La loi fédérale l’emporte sur la loi des États en vertu de la Constitution américaine, et cela inclut la loi fédérale sur les soins d’urgence, a déclaré Allison Hoffman, professeur de droit à la faculté de droit de l’Université de Pennsylvanie et experte en droit de la santé.
« C’est un argument assez fort, » dit-elle. « Mais je pense que cette affaire arrivera devant la Cour suprême, et il est vraiment difficile de prédire ce qui se passera quand elle y parviendra. »
James Blumstein, expert en droit de la santé à l’Université Vanderbilt, a déclaré que la loi sur les soins d’urgence liée à un programme de dépenses fédéral est fondamentalement différente des interdictions d’avortement des États qui entraînent des sanctions pénales. La loi fédérale, quant à elle, s’applique principalement aux hôpitaux, tandis que les interdictions d’avortement visent généralement les médecins. « Je ne pourrais pas conseiller à un médecin de violer la loi de l’État dans les circonstances », a-t-il déclaré dans un e-mail.
Si le ministère de la Justice gagne, il autorisera probablement les soins d’avortement dans un ensemble plus large de circonstances – mais il y aura probablement encore une grande zone grise juridique pour les médecins et les hôpitaux. «C’est un territoire vraiment spongieux. Qu’est-ce que cela signifie d’avoir une condition telle que l’on puisse raisonnablement s’attendre à ce que l’absence de soins médicaux immédiats entraîne la mise en danger grave de la santé d’une personne ? » dit Hoffmann.
De nombreux autres procès se déroulent dans l’Idaho et dans le reste du pays au sujet de l’avortement. Le président démocrate Joe Biden prend également d’autres mesures pour permettre aux gens de continuer à se faire avorter, notamment en signant mercredi un décret exécutif visant en partie à faciliter les déplacements des femmes entre les États pour se faire avorter.

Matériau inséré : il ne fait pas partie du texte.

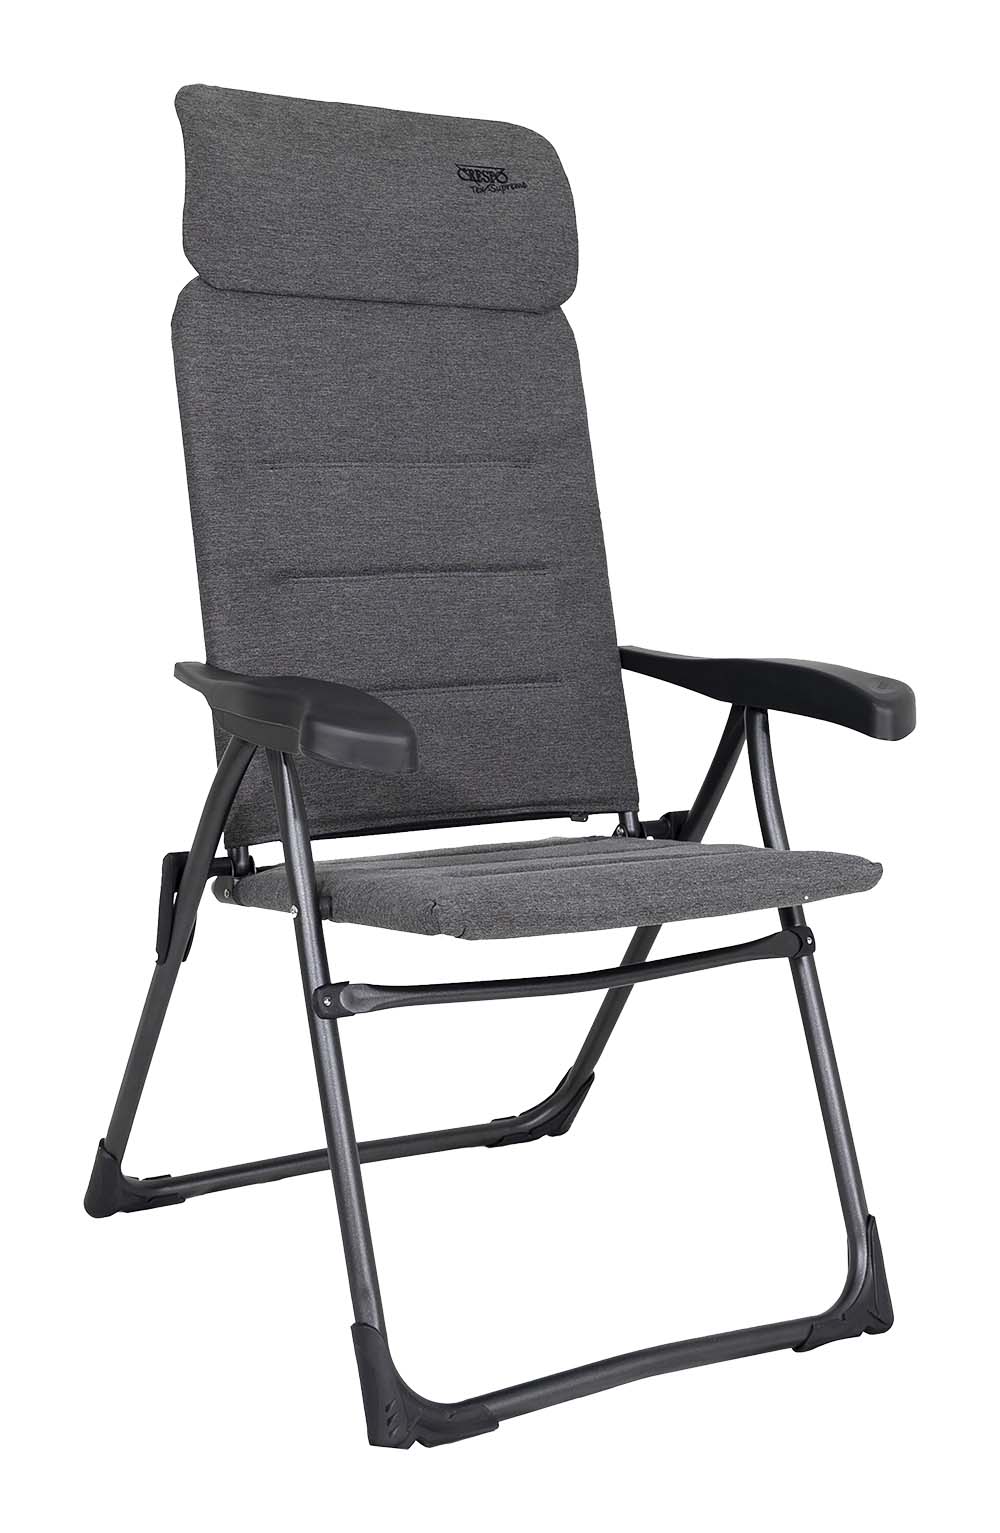 1148010 An extremely compact beach chair. The chair can be folded flat, only 5 cm thick. This is why this chair is also known as the flattest camping chair. This chair offers maximum comfort with its 7-position adjustable backrest and infinitely adjustable headrest. This chair is covered with Tex-Comfort fabric. This comfortable fabric is easy to maintain, resistant to discolouration by the sun and water repellent. As a result, the chair dries much more quickly than chairs with traditional foam padding. In addition, this fabric surrounds the frame completely. This luxurious fabric is wrapped around the back of the seat tube and at the front, the fabric extends to the bottom, creating A comfortable seat. The chair has a U-frame with stabilisers and extra thick tubes for extra strength and stability. The retractable headrest makes this chair extra compact for storage. Up to 50% less packing volume compared to other camping chairs! The chair is of high quality with TÜV approval.

QU’EN EST-IL DU PROCÈS AU TEXAS ?
Le Texas a poursuivi le gouvernement fédéral le mois dernier pour les conseils du ministère de la Santé et des Services sociaux en vertu de la même loi fédérale. L’État a fait valoir que les directives ne tenaient pas compte du processus législatif de l’État et laissaient les médecins et les hôpitaux vulnérables à la perte de leurs licences ou à être accusés de crimes en vertu de la loi de l’État.
Les responsables du Texas ont également fait valoir que l’administration voulait « transformer chaque salle d’urgence du pays en une clinique d’avortement sans rendez-vous » et que la loi fédérale sur les soins d’urgence devrait obliger les médecins à réfléchir à la manière de préserver « la vie ou la santé d’un enfant à naître ».
Une loi sur l’avortement quasi totale imposée par la menace de poursuites civiles est entrée en vigueur au Texas l’année dernière, et une autre loi comportant des sanctions pénales devrait entrer en vigueur dans les semaines à venir.
Ces arguments pourraient gagner du terrain auprès des juges là-bas, a déclaré Elizabeth Sepper, professeur à l’Université du Texas à la faculté de droit d’Austin. Si l’administration Biden l’emporte, elle s’appliquerait dans un ensemble de circonstances urgentes mais assez restreintes.
« EMTALA ne crée pas un droit au traitement ou un droit de contourner l’interdiction de l’avortement, mais il rassurera les médecins des urgences », a-t-elle déclaré.